Directions.
Reproduce the full listing below unchanged, apart from the pictures.

Information provided.
[Start of section]
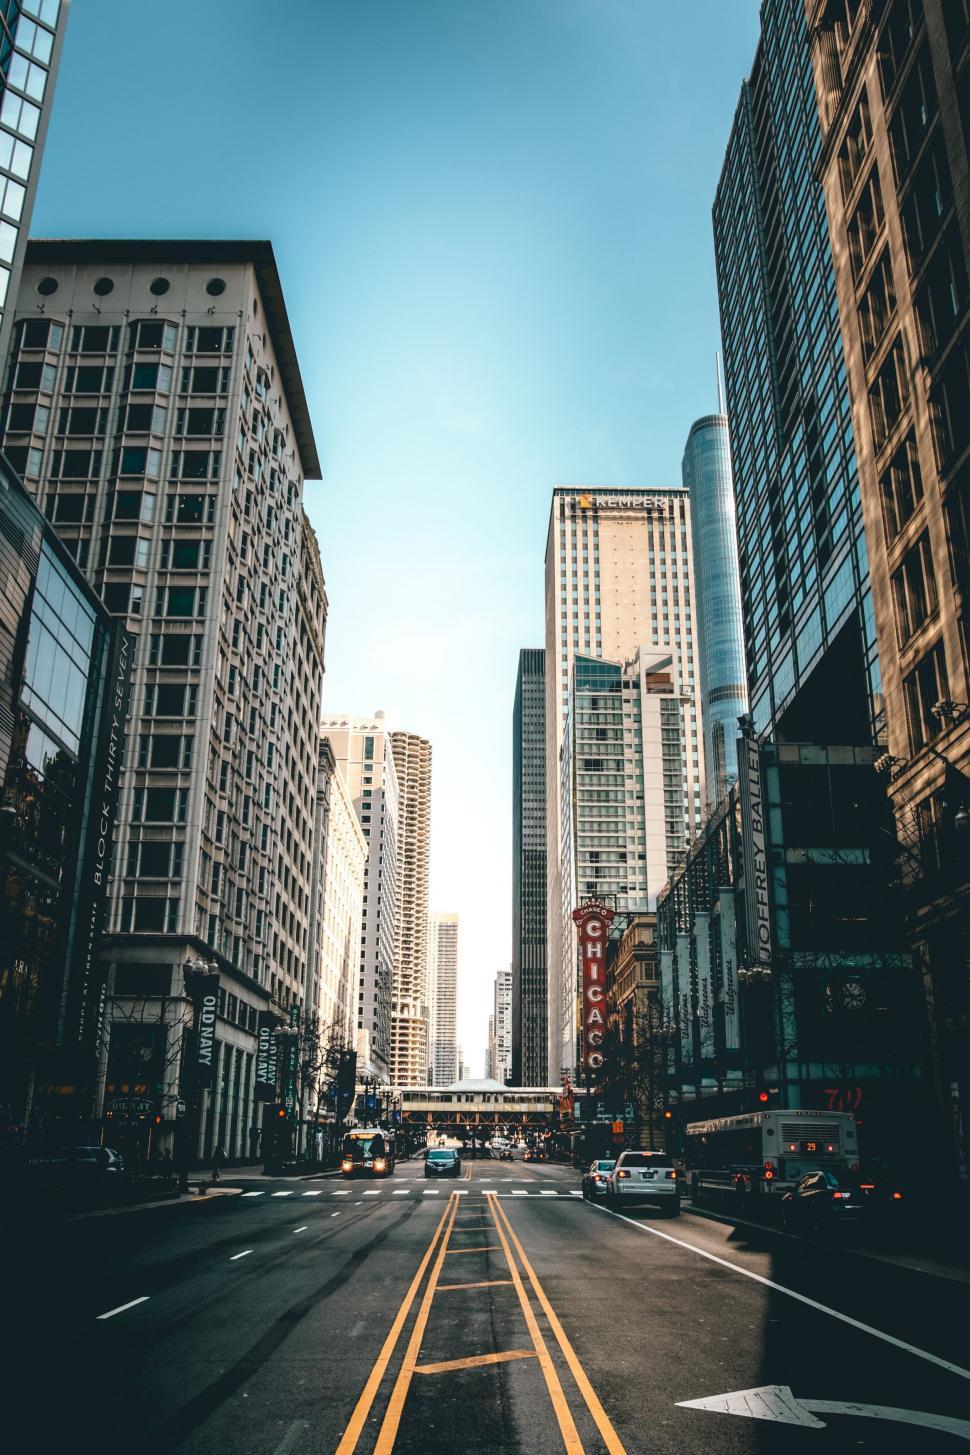 Free Image of Bustling City Street With Tall Buildings and Traffic 
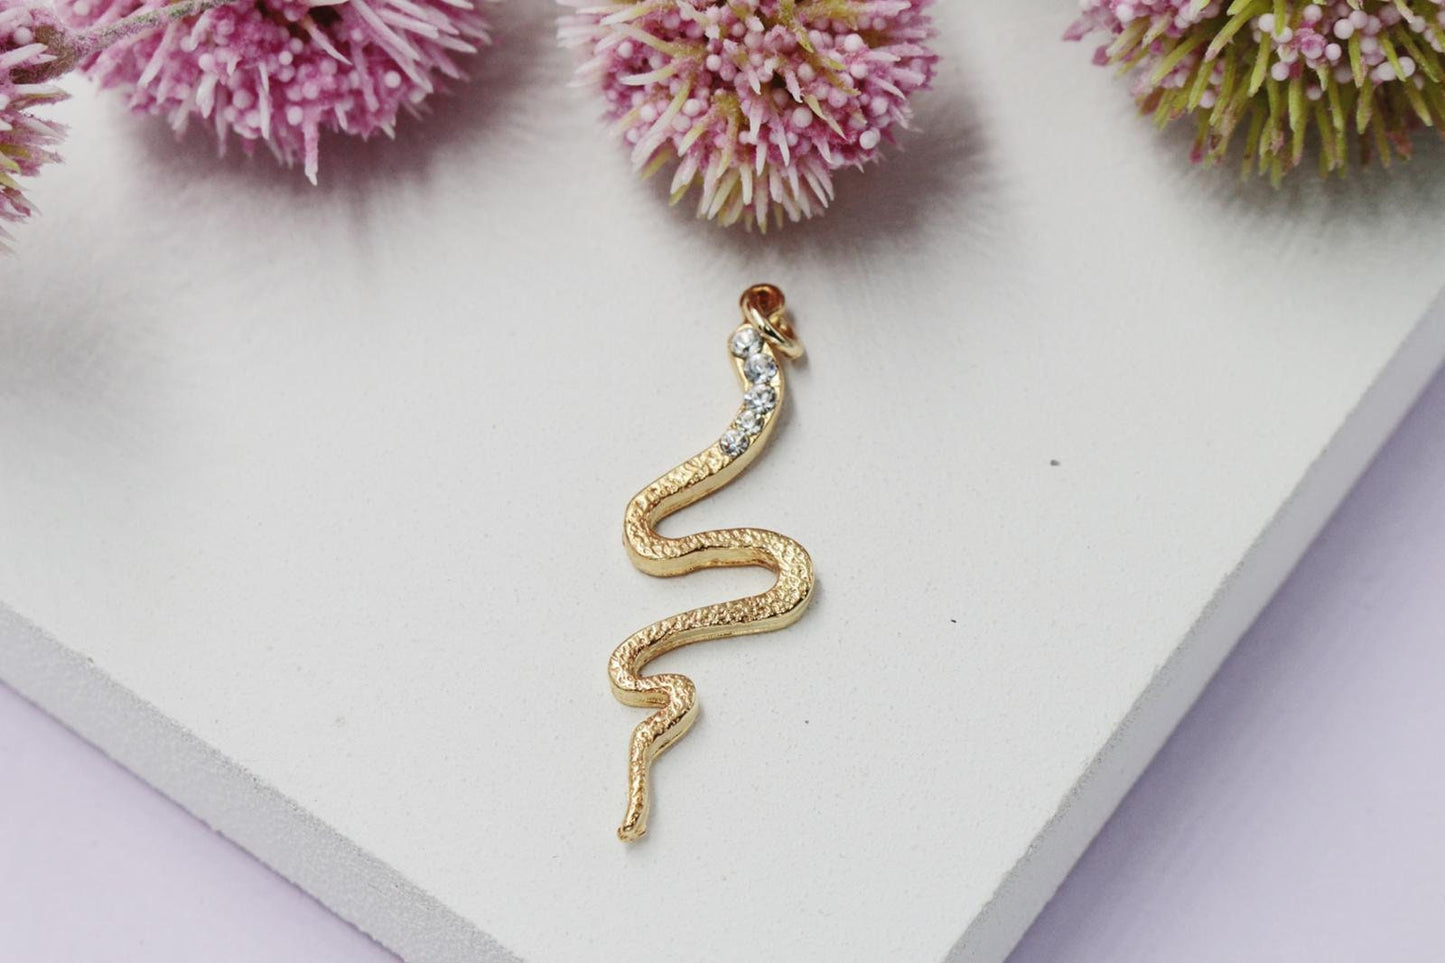 Long Snake with Cubic Zirconia Stone Accents Pendant
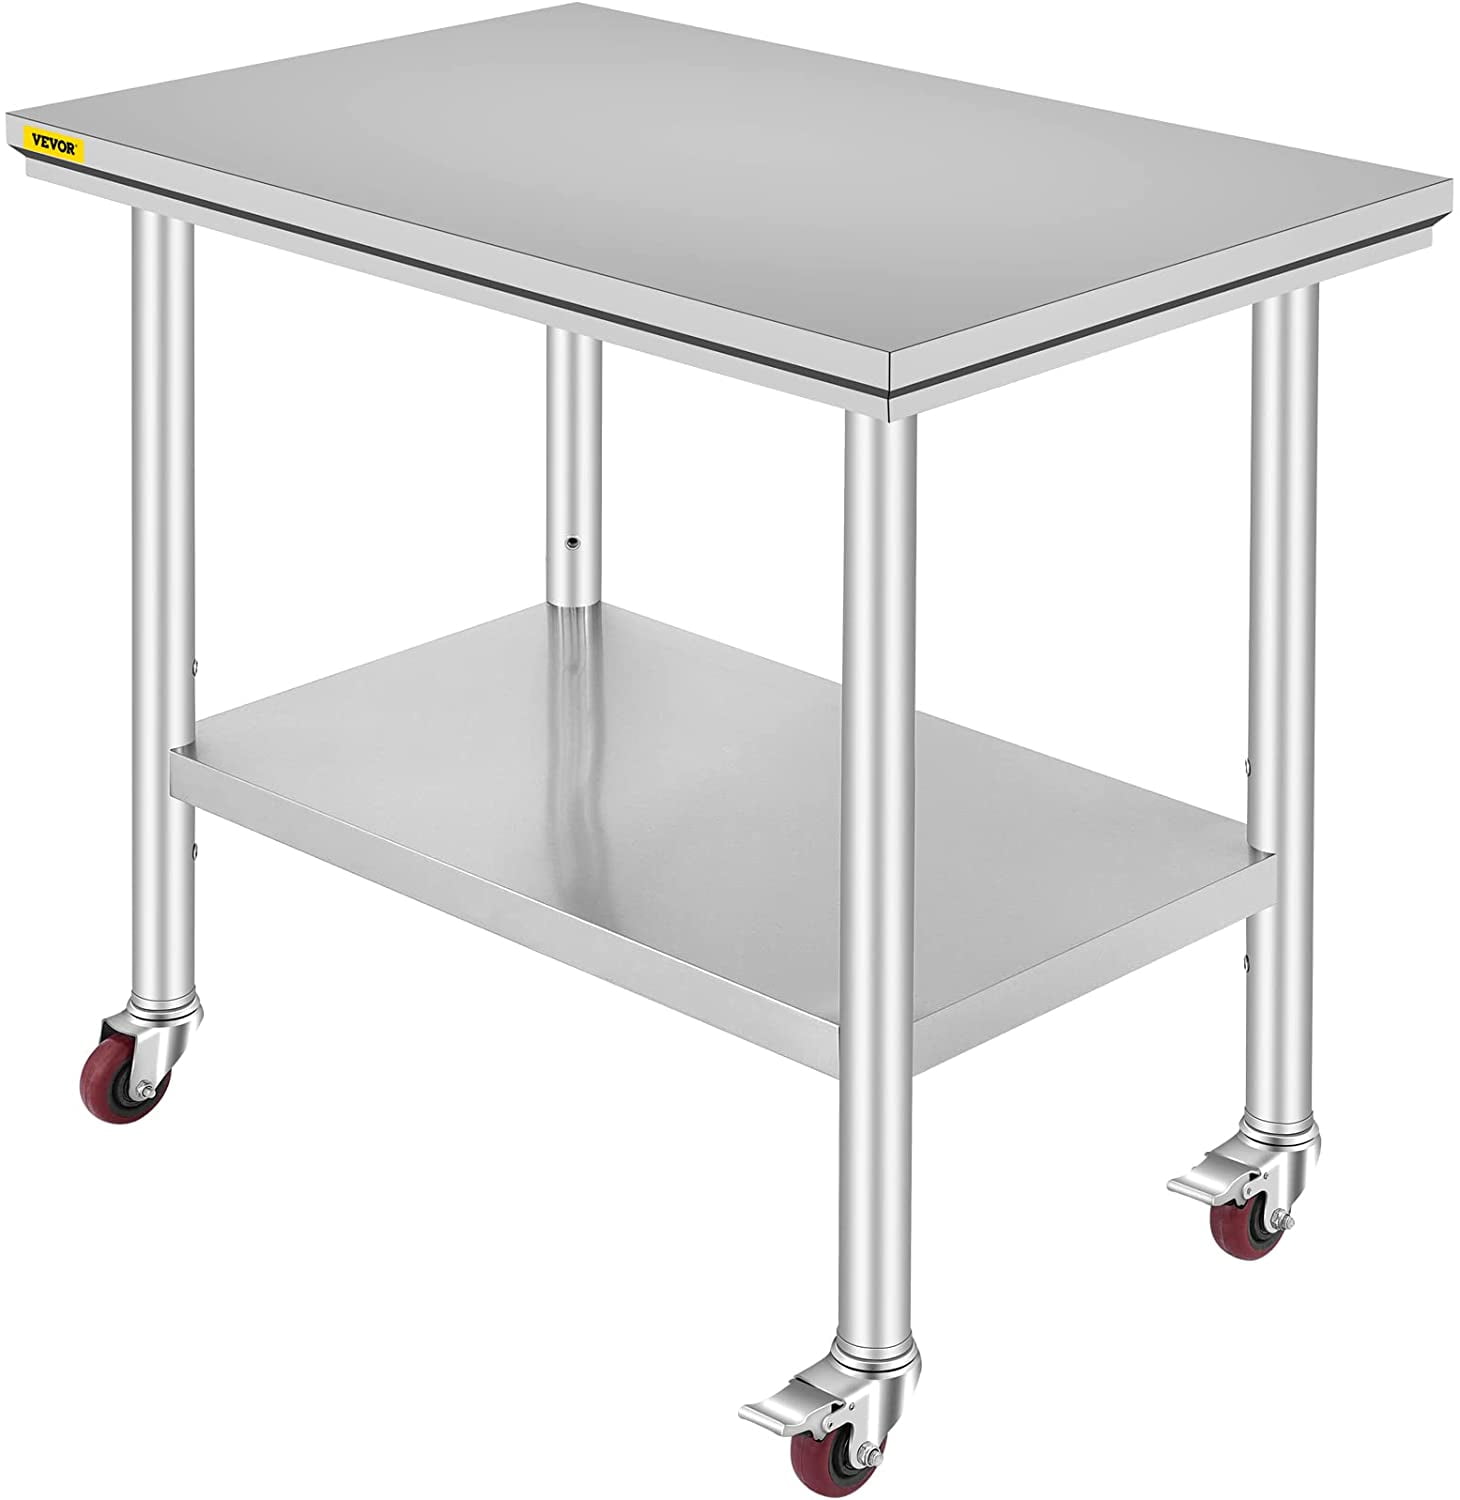 24" x 36" Kitchen Stainless Steel Commercial Kitchen Food Prep Table Desk New 
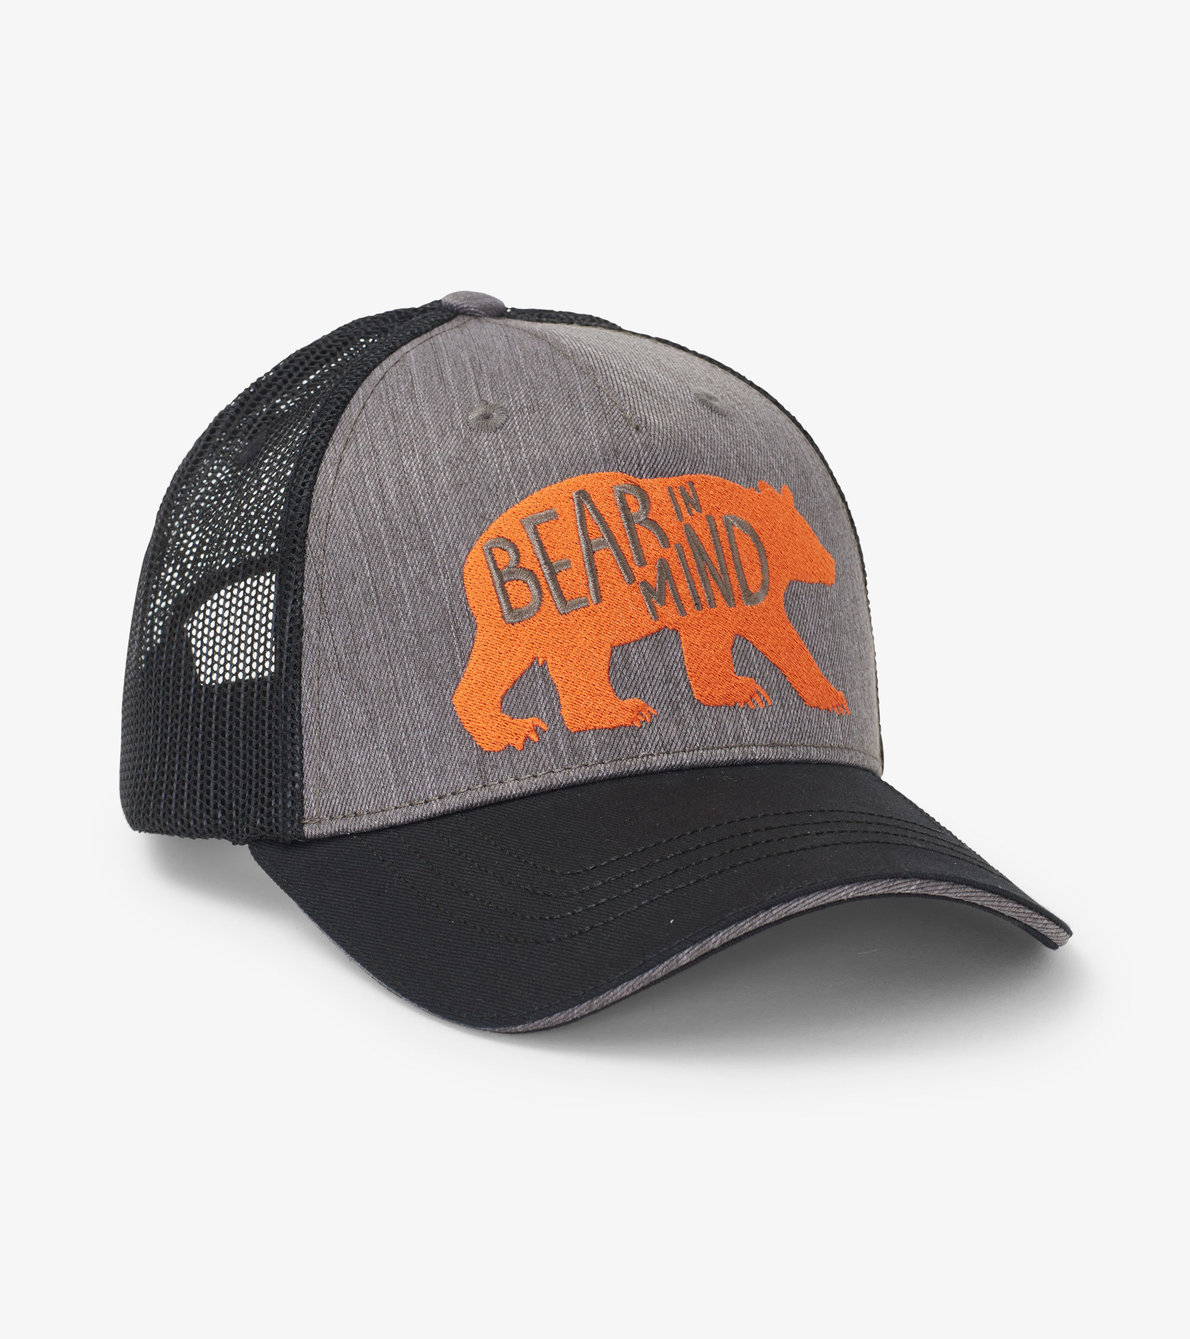 View larger image of Bear In Mind Adult Baseball Cap
[End of section]
Result of this task.
 Free Image of Bustling City Street With Tall Buildings and Traffic 
 Long Snake with Cubic Zirconia Stone Accents Pendant
 24" x 36" Kitchen Stainless Steel Commercial Kitchen Food Prep Table Desk New 
 View larger image of Bear In Mind Adult Baseball Cap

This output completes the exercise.